The intercorrelations among these empathy measures are often weak and inconsistent and, in most cases, nonsignificant or negligible (Bohart, Elliot, Greenberg, & Watson, 2002; Gladstein & Associates, 1987). One reason for these inconsistent findings is that different instruments tap different aspects of empathy based on different definitions of the concept. Although these instruments can have potential value in particular situations, none can be recommended as the best for all patient-care situations (Bennett, 1995). With the exception of the Perspective Taking subscale of the IRI, the contents of the other instruments described in this chapter do not reflect the cognitive conceptualization of empathy adopted in this book (see Chap. 6). Thus, their face validity (and content validity) would be questionable when empathy is conceptualized as a predominantly cognitive attribute in the context of patient care advocated in this book.

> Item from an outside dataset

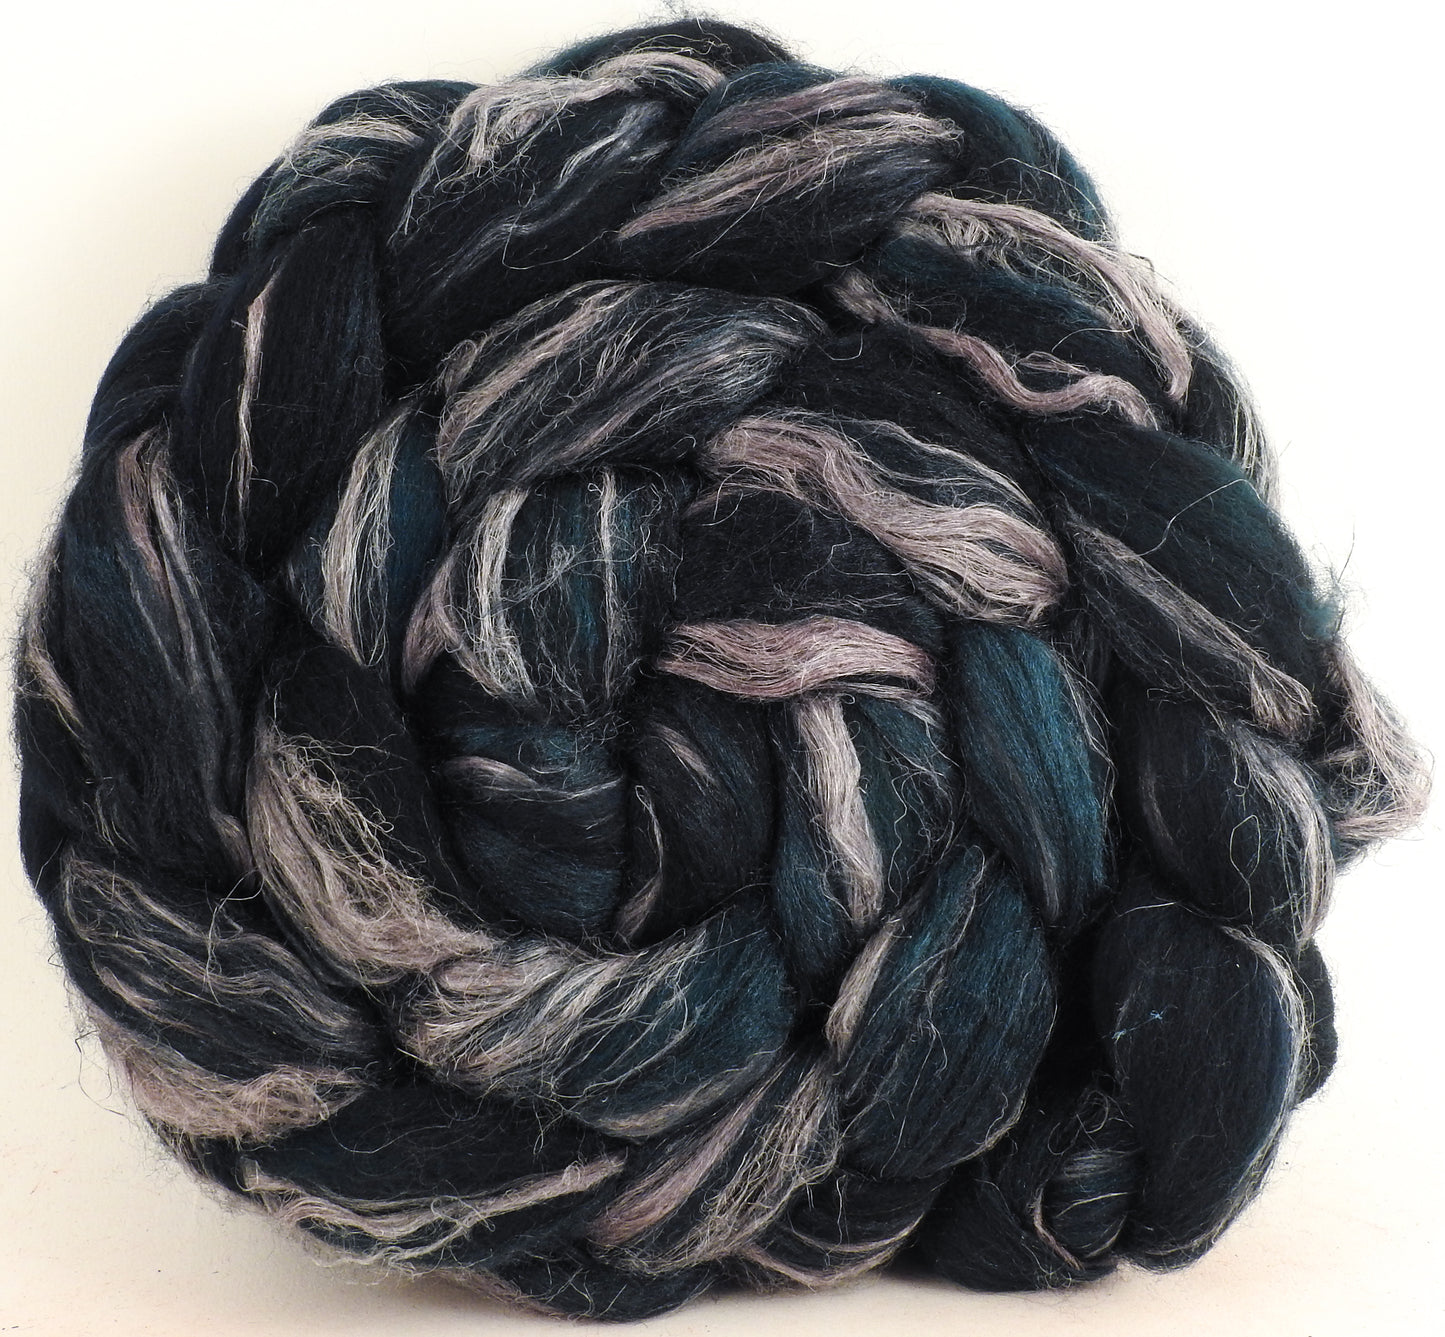 Leviathan - Merino/ Tussah Silk/ Natural Flax (50/25/25) - 5.4 oz.

A Need for an Instrument Specifically Designed to Measure Empathy in Patient Care

A measure that assesses empathy in patient care —particularly in medical and surgical treatment—needs to be more specific than the instruments I have discussed in this chapter so far. Because of the findings on the decline of empathy during health professions education (see Appendix A), and changes evolving in the market-driven health care systems that hamper clinician-patient relationships, the empirical study of empathy in health care education and practice is both important and timely. Among prerequisites to empirical research on empathy in the health professions education and the practice of patient care are (1) an operational definition of the concept (see Chaps. 1 and 6), and (2) a psychometrically sound instrument for quantifying the concept in the context of health professions education and patient care. In 2000, in response to a need for a psychometrically sound instrument to measure empathy in the context of patient care, our research team in the Center for Research in Medical Education and Health Care at Jefferson (currently Sidney Kimmel) Medical College developed an instrument specifically designed to measure empathy among students and practitioners in the health care professions. This scale will be described in detail in Chap. 7.

Recapitulation

Several instruments exist that claim to measure empathy in children and adults. The three frequently used instruments intended to measure empathy in adults—Hogan’s Empathy Scale, Mehrabian and Epstein’s Emotional Empathy Scale, and Davis’s IRI—were developed for administration to the general population. The examination of their contents suggests that they do not tap the essence of empathy in the context of health professions education and patient care. In other words, their face and content validities in the context of health professions education and patient care are questionable. Recently, functional brain imaging technology that has been used to address brain activities in interpersonal relationships has emerged as a promising path for measuring empathic engagement. I suspect that the findings of most of the studies in which the instruments described in this chapter were used are questionable in addressing empathy issues in the context of patient care. The reason is that the content of the bulk of the items in the self-reported instruments, described in this chapter, taps on feeling the pain and suffering of others (described as emotional or affective empathy, synonymous to sympathy and arousability) rather than empathic understanding (e.g., cognitive empathy) which has a different consequence in patient care (see Chaps. 1 and 6). Thus, there was a need for an instrument specifically developed to measure empathy in the context of patient care which will be described in Chap. 7.